Max-Delbrück-Centrum für Molekulare Medizin (MDC) in der Helmholtz-Gemeinschaft Berlin
Institute for Medical Systems Biology
Epigenetics and Sex Development
Dr. Robert Patrick Zinzen
Max-Delbrück-Centrum für Molekulare Medizin (MDC)
The three-dimensional organization of the genome is developmentally dynamic and has been shown to critically affect gene regulation. In animals, this spatial organization is reflected by intricate interactions that bring genes and regulatory elements separated widely in the linear genome into close physical proximity and by sequestering sections of the genome into megabase-scale topologically associated domains.

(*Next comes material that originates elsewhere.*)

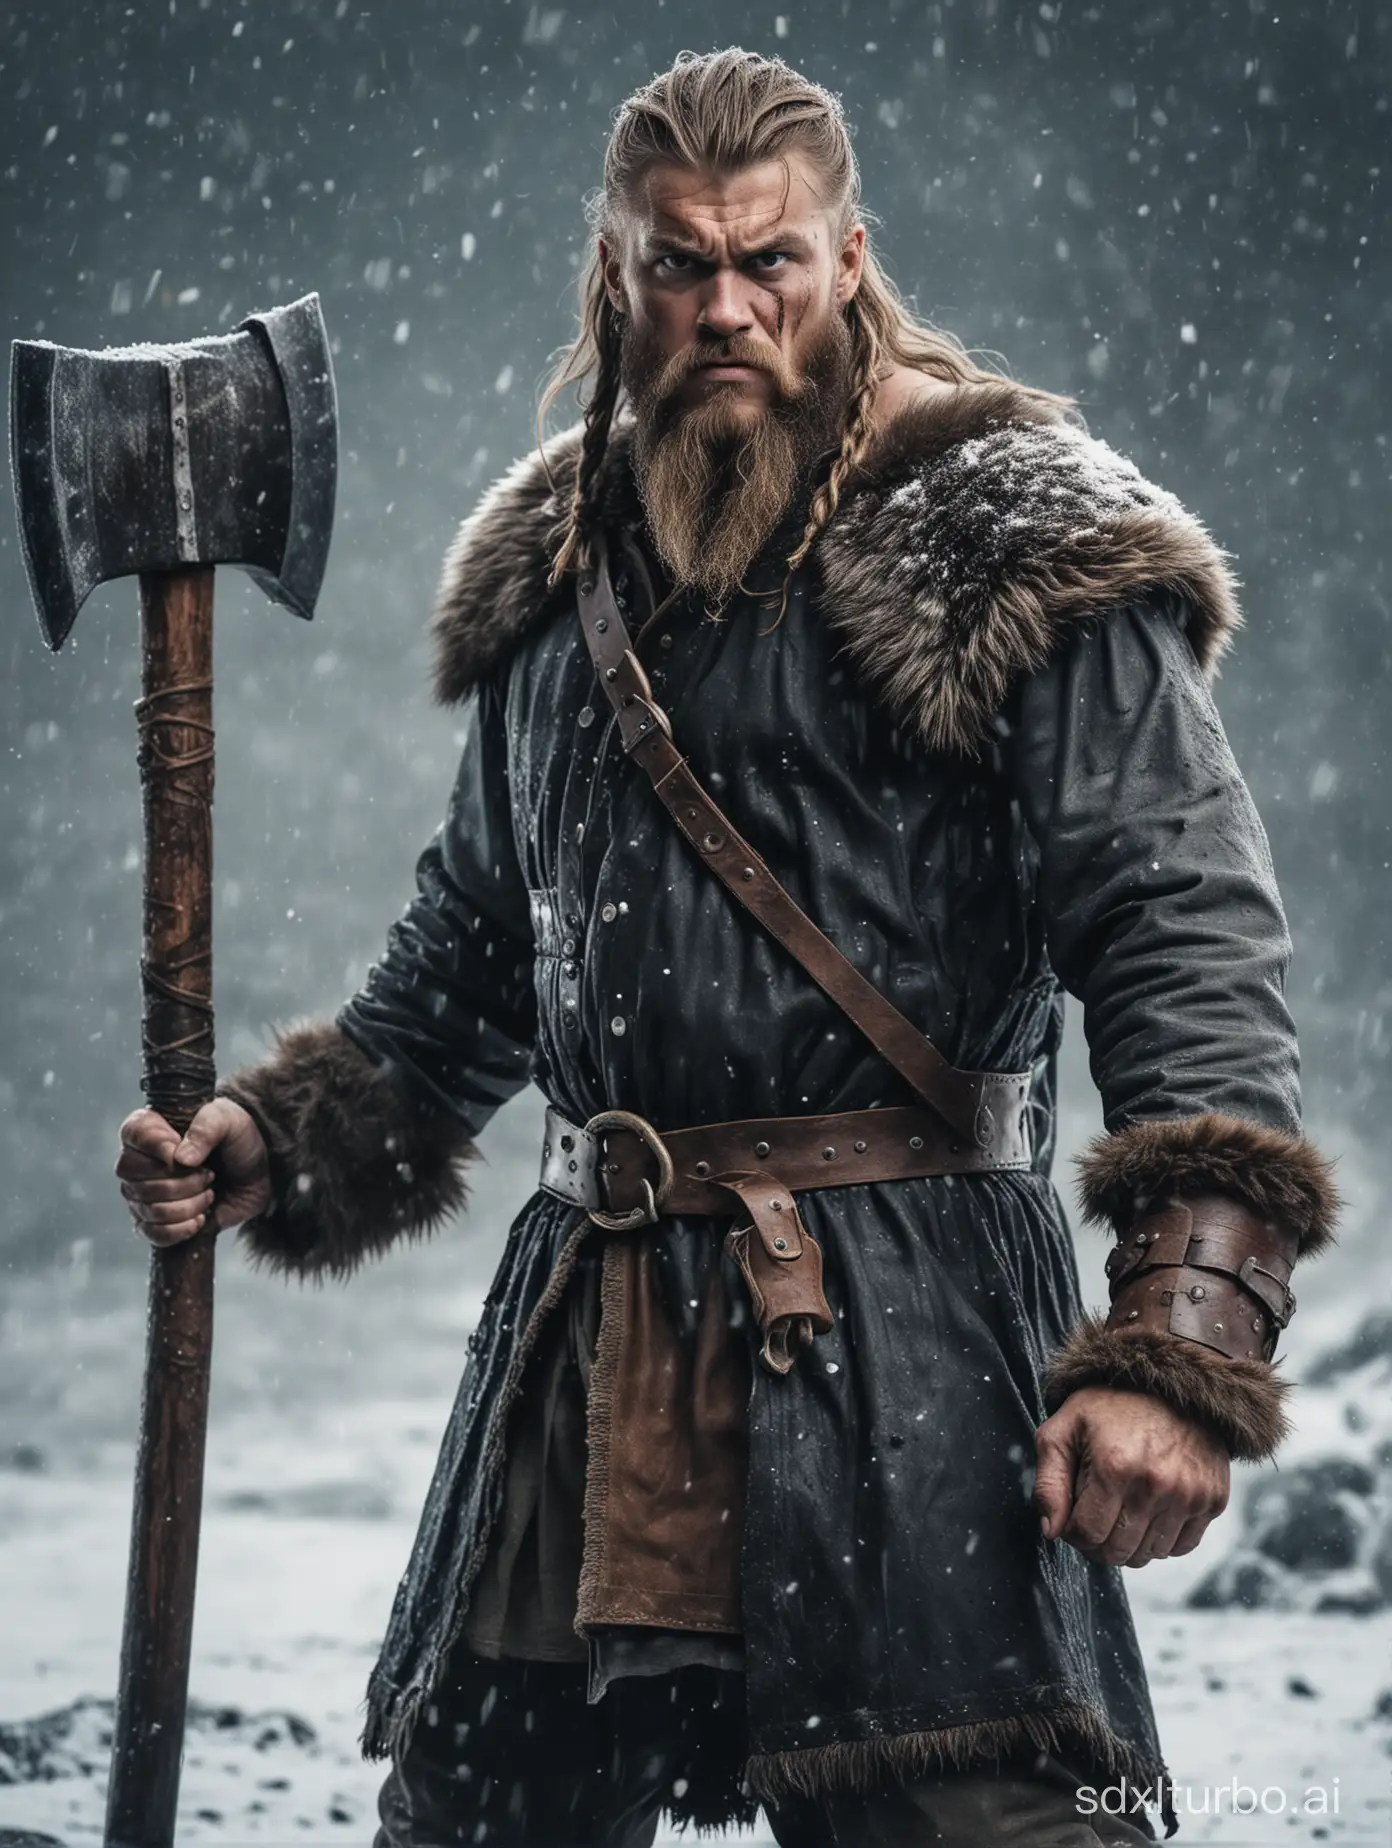 Fierce-Viking-Warrior-with-DoubleEdged-Axe-in-Wintry-Landscape

Recently, the transcriptional repressor CCCTC-binding factor (CTCF) has emerged as a key player in mediating 3D genome organization due to its capacity to dimerize in vivo in an orientation-dependent manner. CTCF knock out causes loss of genome topology and lethality. Though CTCF is deeply conserved among the bilaterian clade, mounting evidence demonstrates that the property of CTCF to interconnect distant genomic regions has been acquired at some point during the evolution of the chordates, concomitant with the expansion of the non-coding regulatory genome. It remains unresolved how CTCF promotes genome topology in vertebrates, while its primary function in insects, for example, remains refined to interactions and gene regulation on the short-distance scale. We propose an innovative multi-species approach using organisms with distinct roles of CTCF in 3D chromatin organization to functionally dissect its divergent modes, as well as the mechanisms that mediate CTCF function in flies, mice, and ascidians. Using CRISPR/Cas genomic editing, we will exchange CTCF proteins between species in vivo to assess its function in different regulatory contexts and its impact on spatial genome organization and transcriptional programs. Using innovative proteomic stratagems, we will then dissect species- and context-specific CTCF protein-protein interactions to then directly test regulatory mode requirements. The proposed project will advance our understanding of the evolutionary origins of 3D chromatin organization, its functional importance for developmental gene regulation, and the molecular mechanisms by which divergent CTCFs act.